### INFORMATION SHOWN:
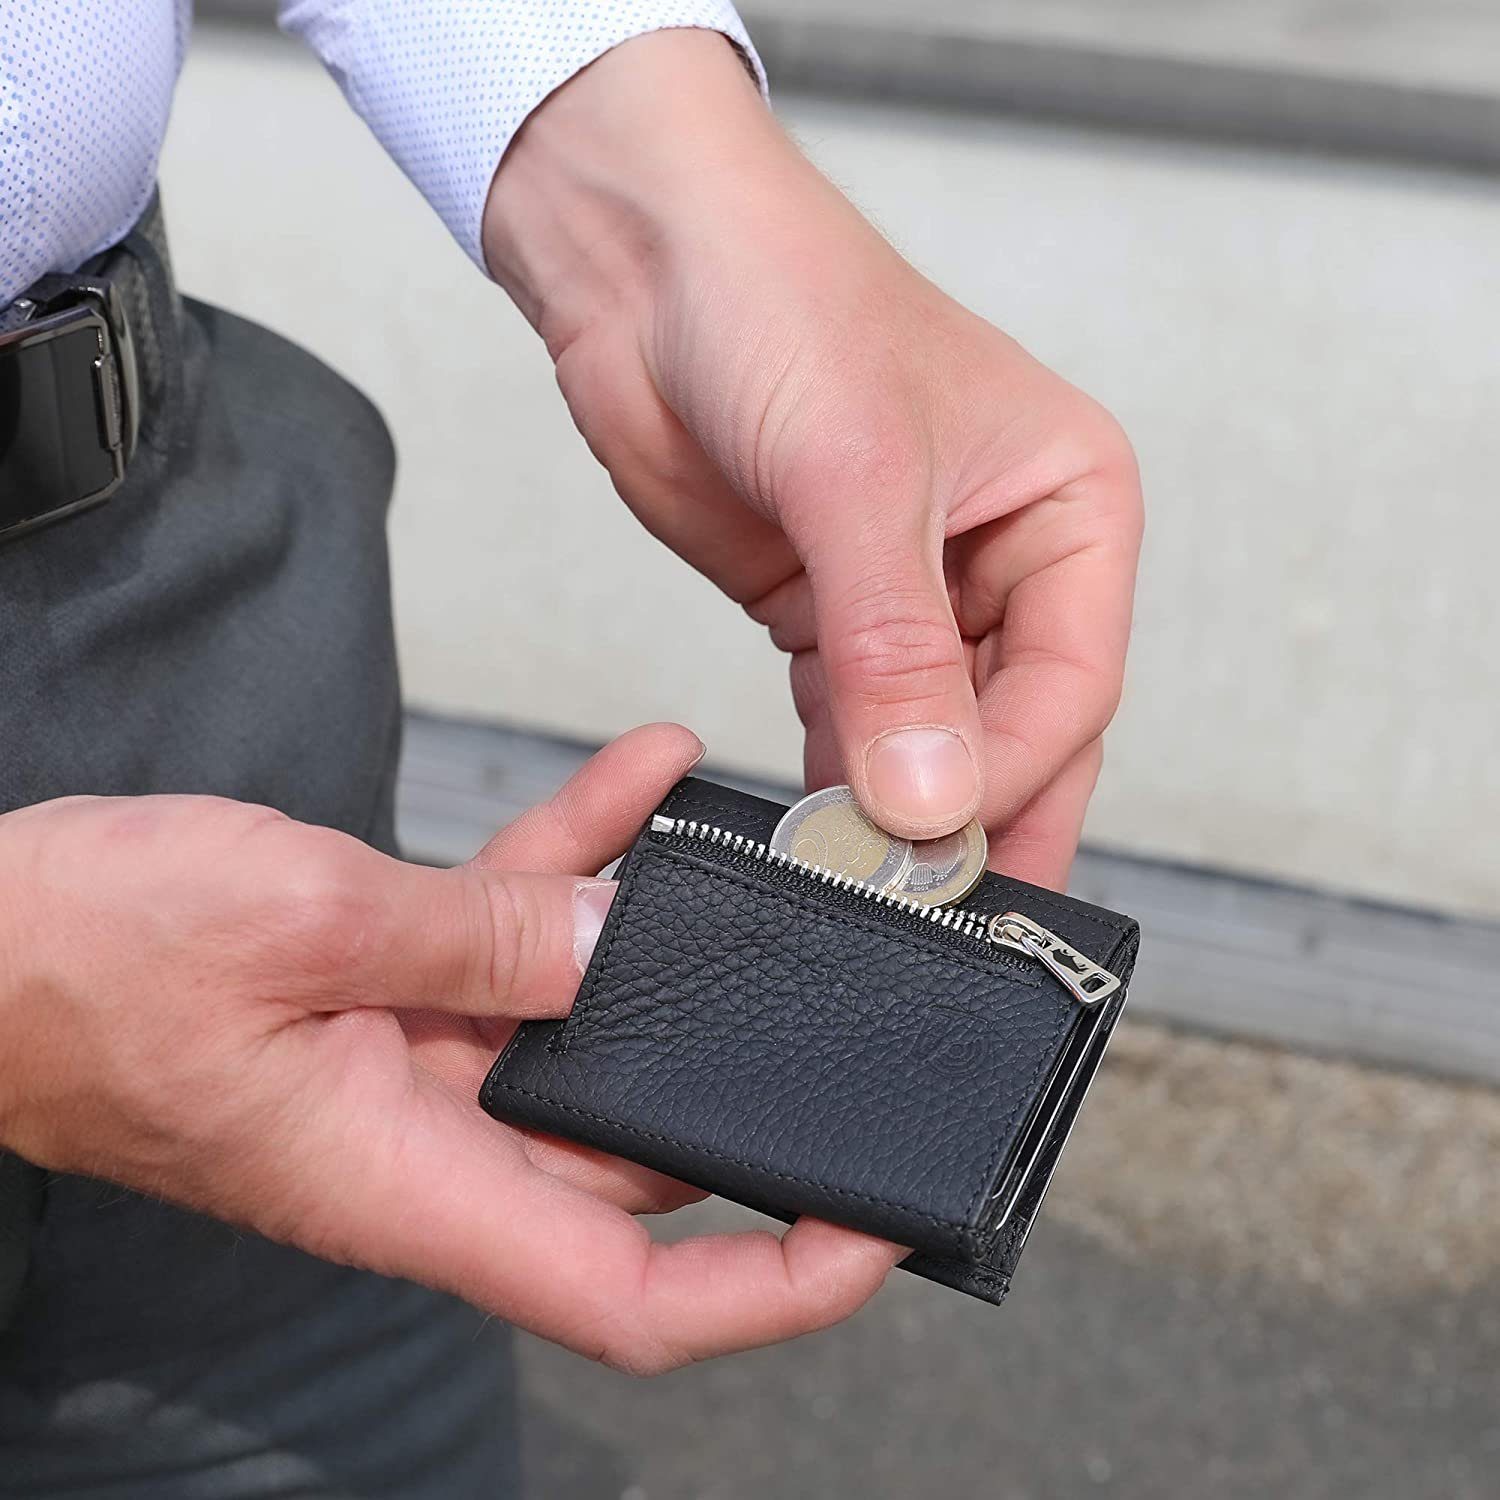 Schwarz Slim echt Wallet [12 Europe in [RFID-Schutz], Matt mit Macde Leder, Riga RFID Karten] Münzfach Slimwallet Pelle Schutz, Solo Brieftasche
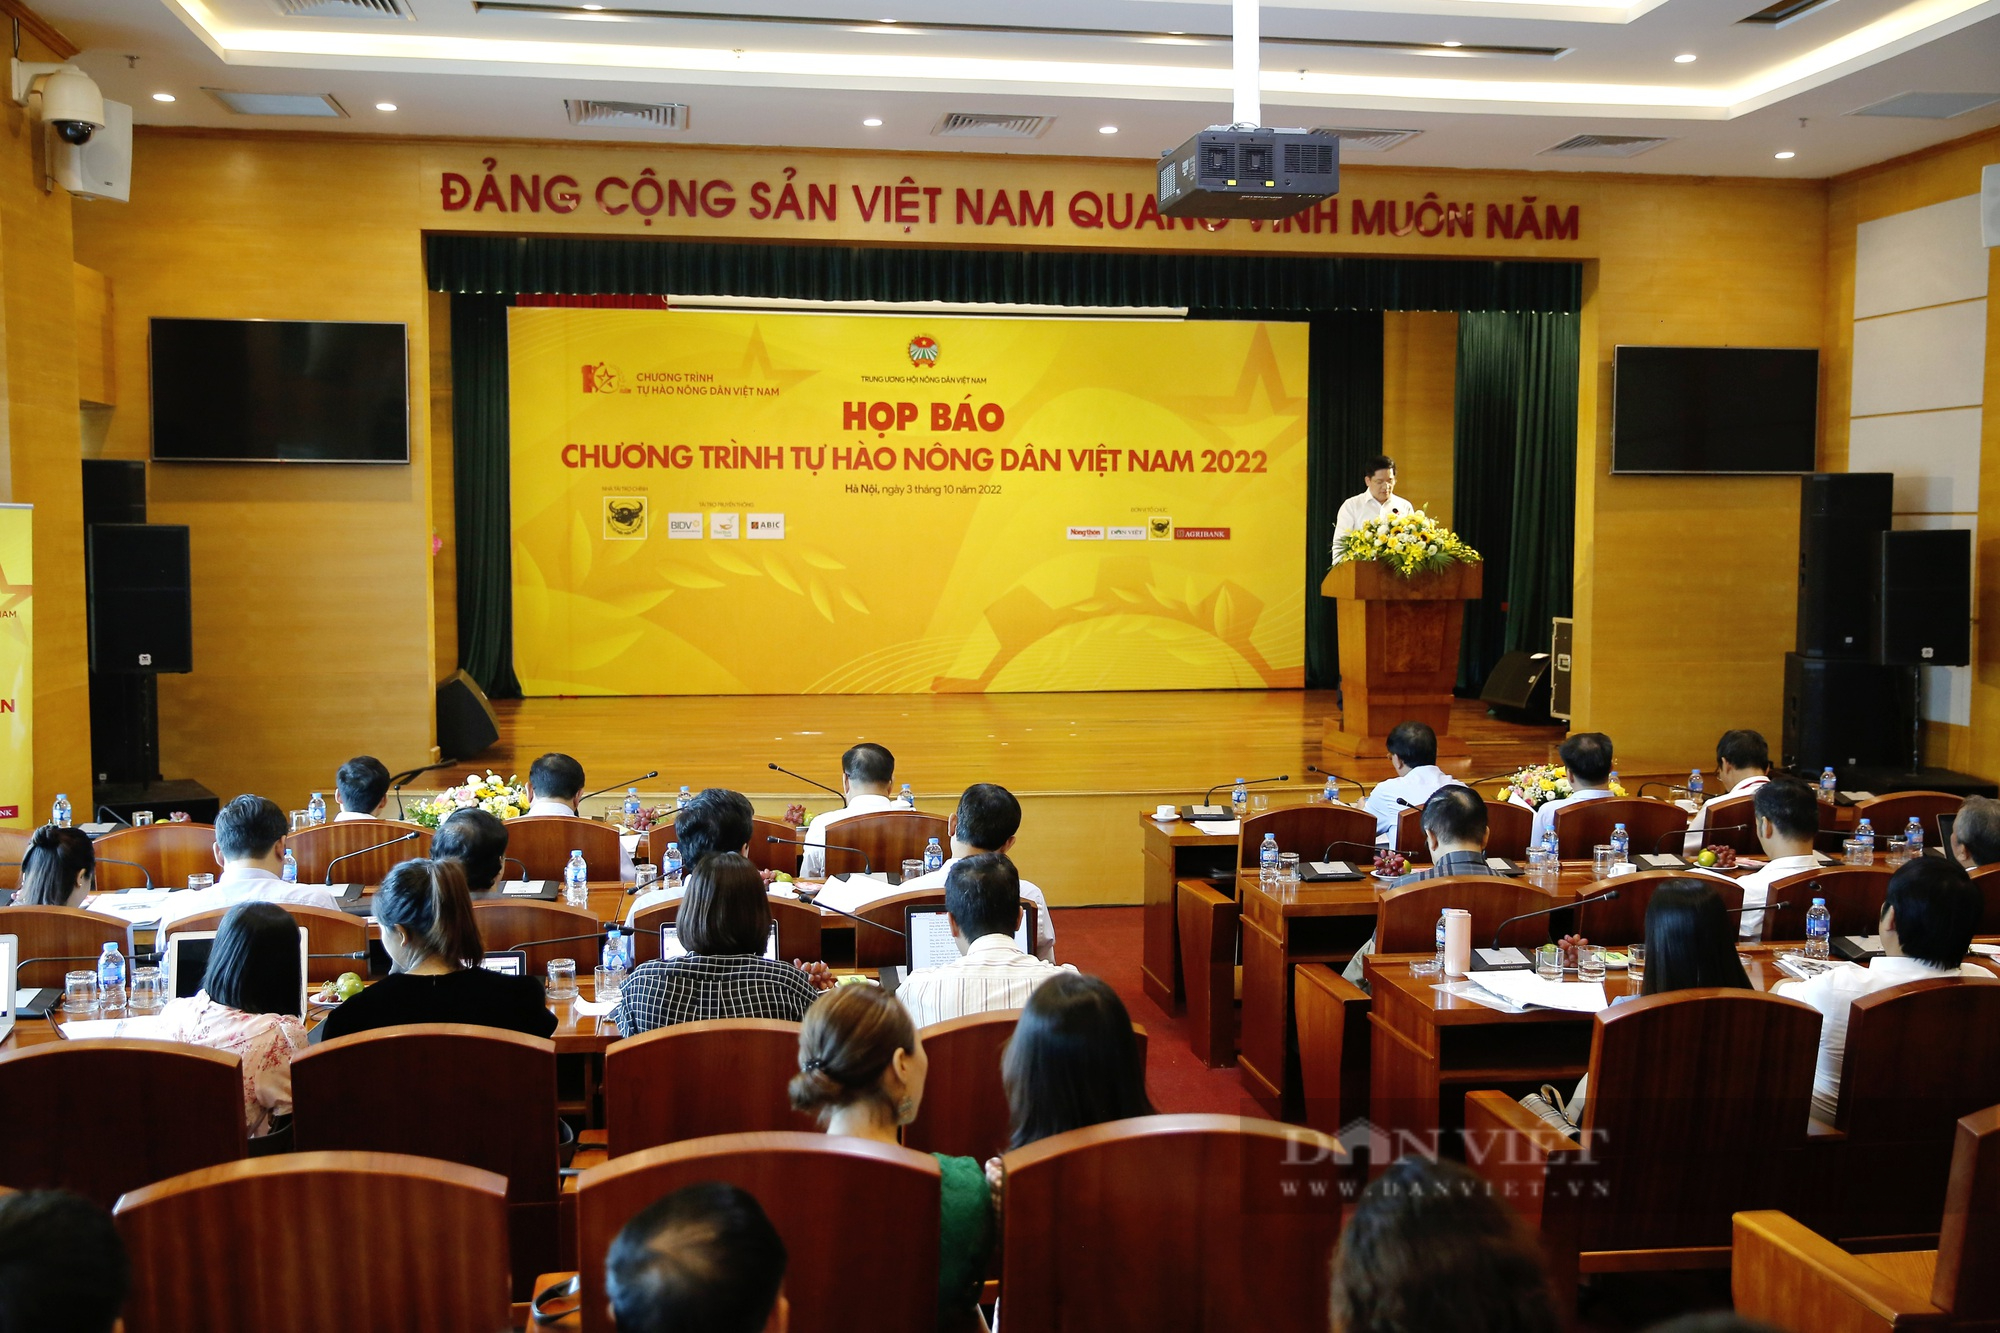 Hình ảnh Họp báo Chương trình Tự hào nông dân Việt Nam 2022 - Ảnh 1.
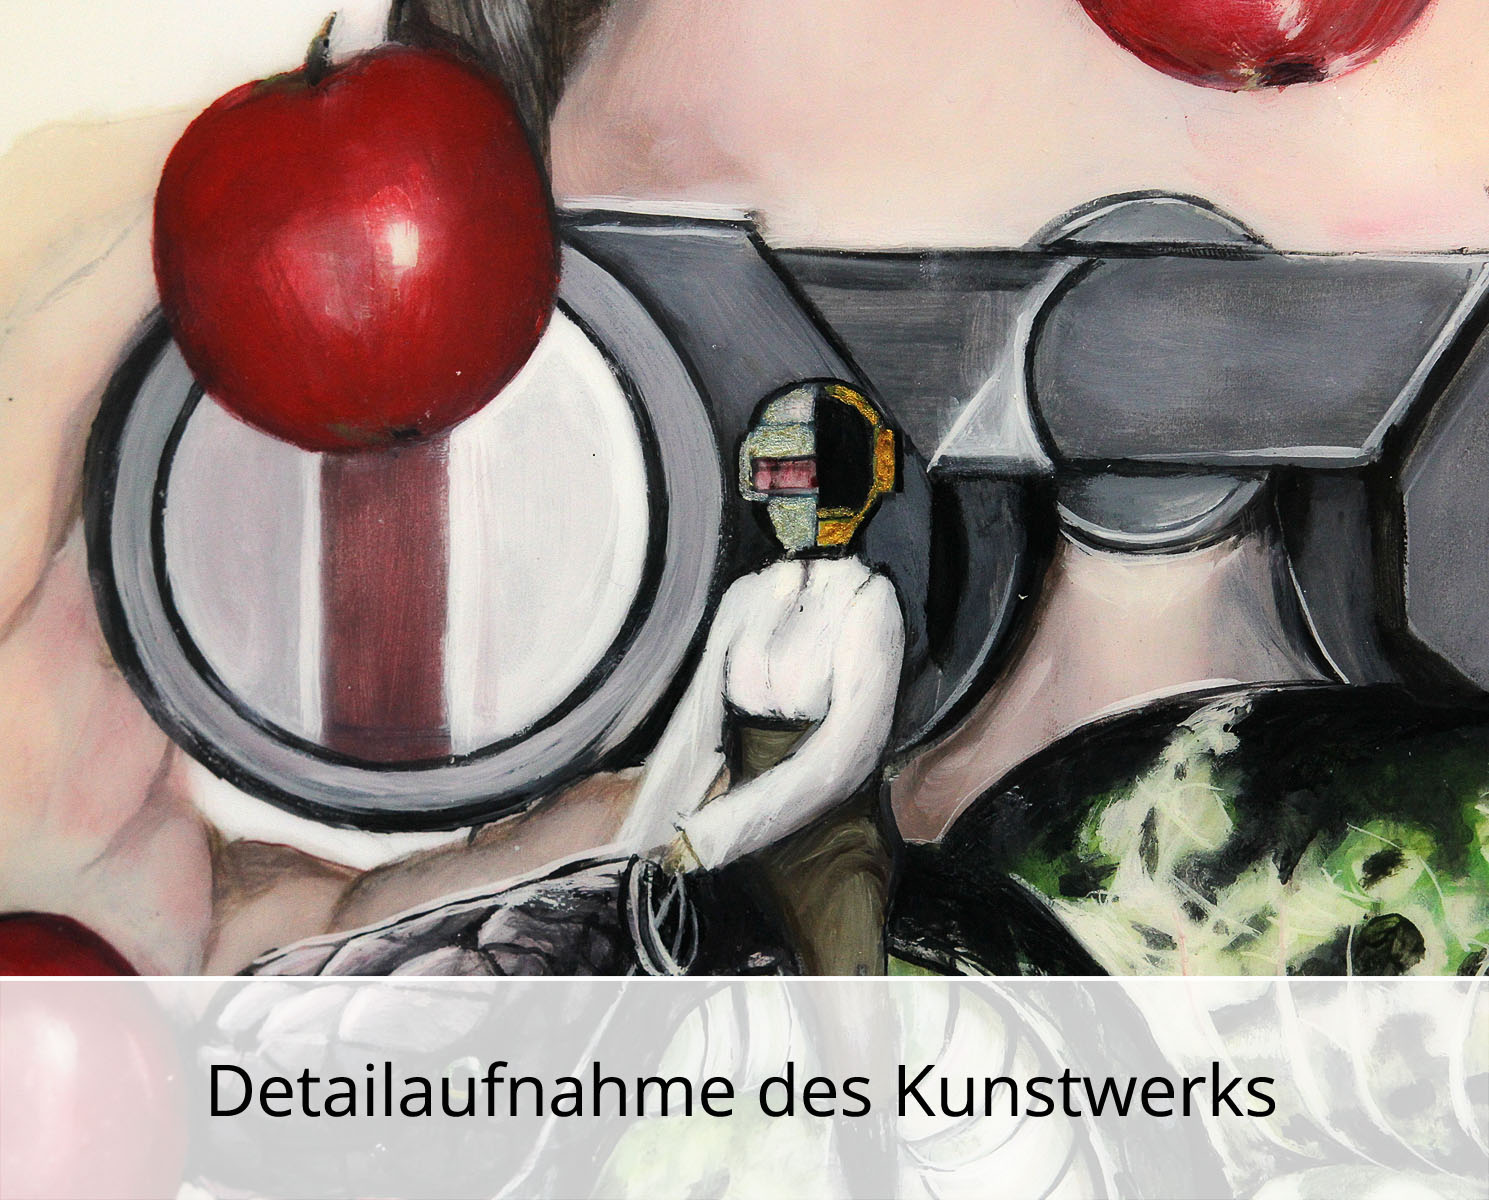 D. Block: "Und täglich fliesst aus Äpfeln Saft", Original/Unikat, expressive Ölmalerei

### WHAT IS EXPECTED:
Repeat each line of the material exactly, and drop any image it carries.

### EXERCISE RESPONSE:
 Schwarz Slim echt Wallet [12 Europe in [RFID-Schutz], Matt mit Macde Leder, Riga RFID Karten] Münzfach Slimwallet Pelle Schutz, Solo Brieftasche
 Hình ảnh Họp báo Chương trình Tự hào nông dân Việt Nam 2022 - Ảnh 1.
 D. Block: "Und täglich fliesst aus Äpfeln Saft", Original/Unikat, expressive Ölmalerei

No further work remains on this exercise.